In addition, the electrical connector(s) shall be within defined tolerance to IEC 62952-2 or IEC 62952-3 (which is expected to pull heavily on the 90% completed, but never published ISA 100.18 document), in order to ensure required interchangeability. Special protections against environmental impacts such as corrosion, humidity and how to perform power source replacement in a hazardous environment will also be included in the connector specifications.
The interface specifications include measures to ensure the correct connection (i.e., polarity) of the power module. Connectors between the power module and the device are likely to be classified into the three categories as defined in the ISA100.18 document as ‘fixed and sealed,' terminal blocks (flying lead) or a pin connector, such as an M12 interface with defined connections, such as ground, power/positive, sense, etc., for each pin.
In addition to the above, IEC 62952-1 also includes minimum requirements for the power module with respect to the surrounding environment, including continuing to operate in an ambient temperature range between -40 °C to +85 °C with rate of temperature change of 0.5 °C / min. In addition, the power module shall be usable for temperature class T4 (<135 oC surface temperature) at ambient temperature of +60 °C and class T3 (<200 oC surface temperature) at ambient temperature of +80 °C.
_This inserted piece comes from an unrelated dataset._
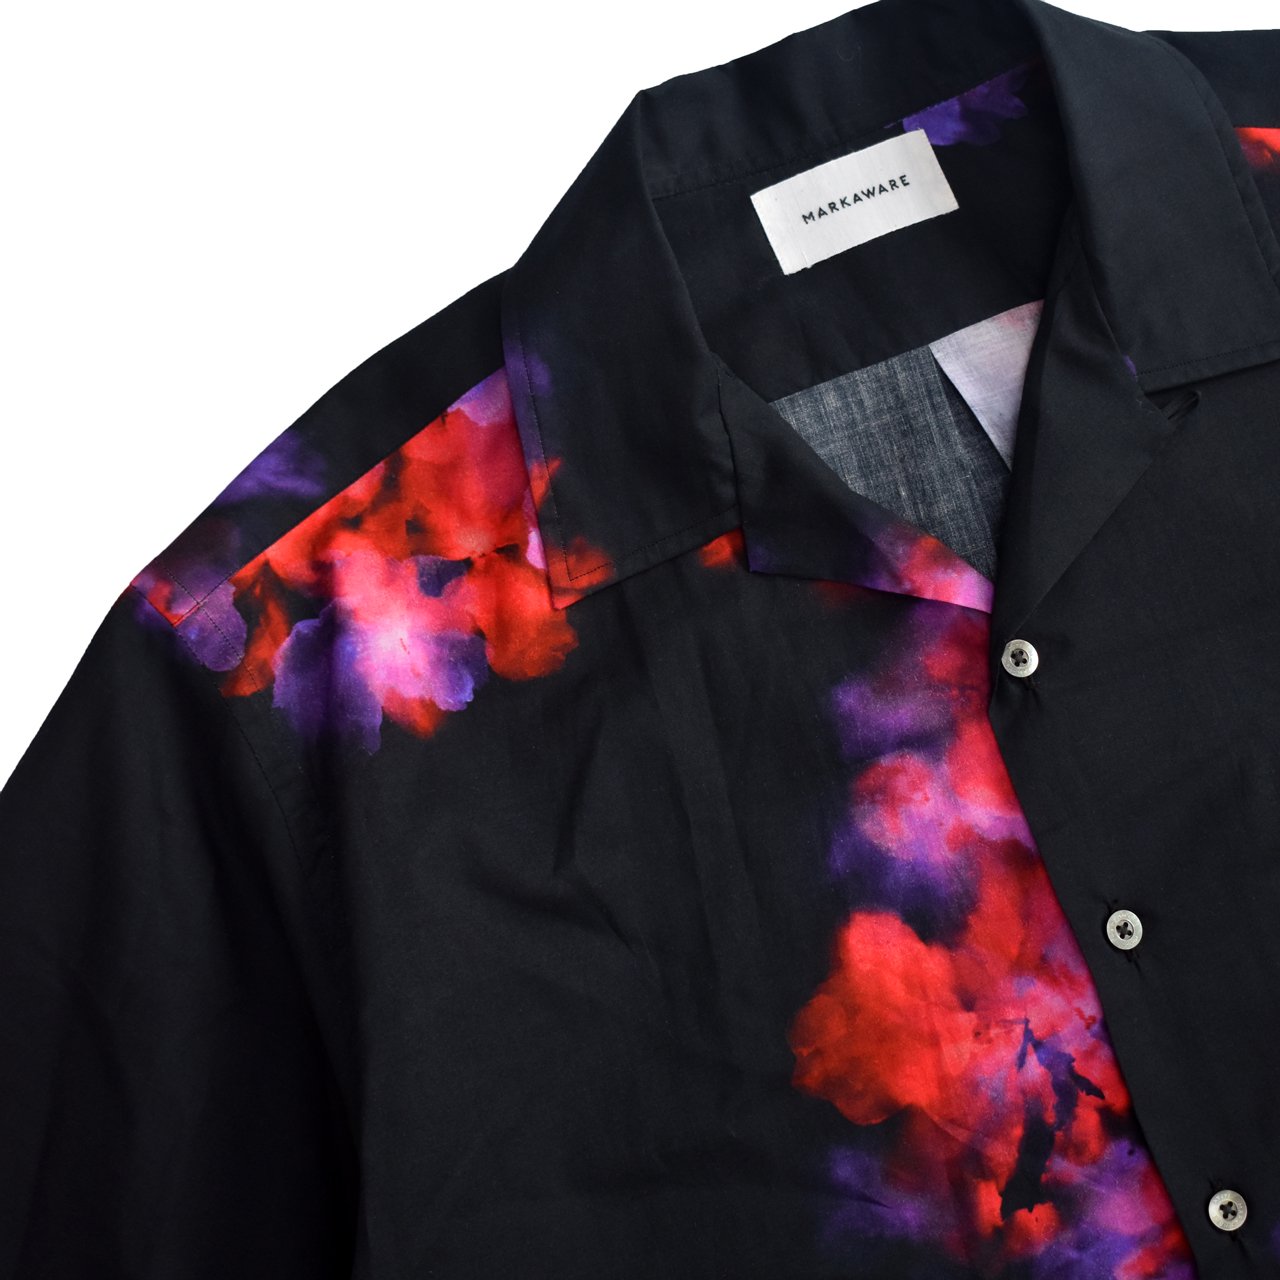 MARKAWARE (マーカウェア)から花柄プリントのオープンカラー半袖シャツ

Though not yet complete, and likely to take some time because many manufacturers have invested in the form factor they are presently using and our penchant for backwards compatibility, the good news remains that wireless power sources will someday be standardized. Technology will also help, since improvements in power cell technology will make it possible to develop smaller form factor power sources compliant with the specifications that will be able to fit, including the adapters, within the space being used by the present power sources.
As you can see we might consider power sourcing to be a simple process – and it is, once we use standards to make it that way.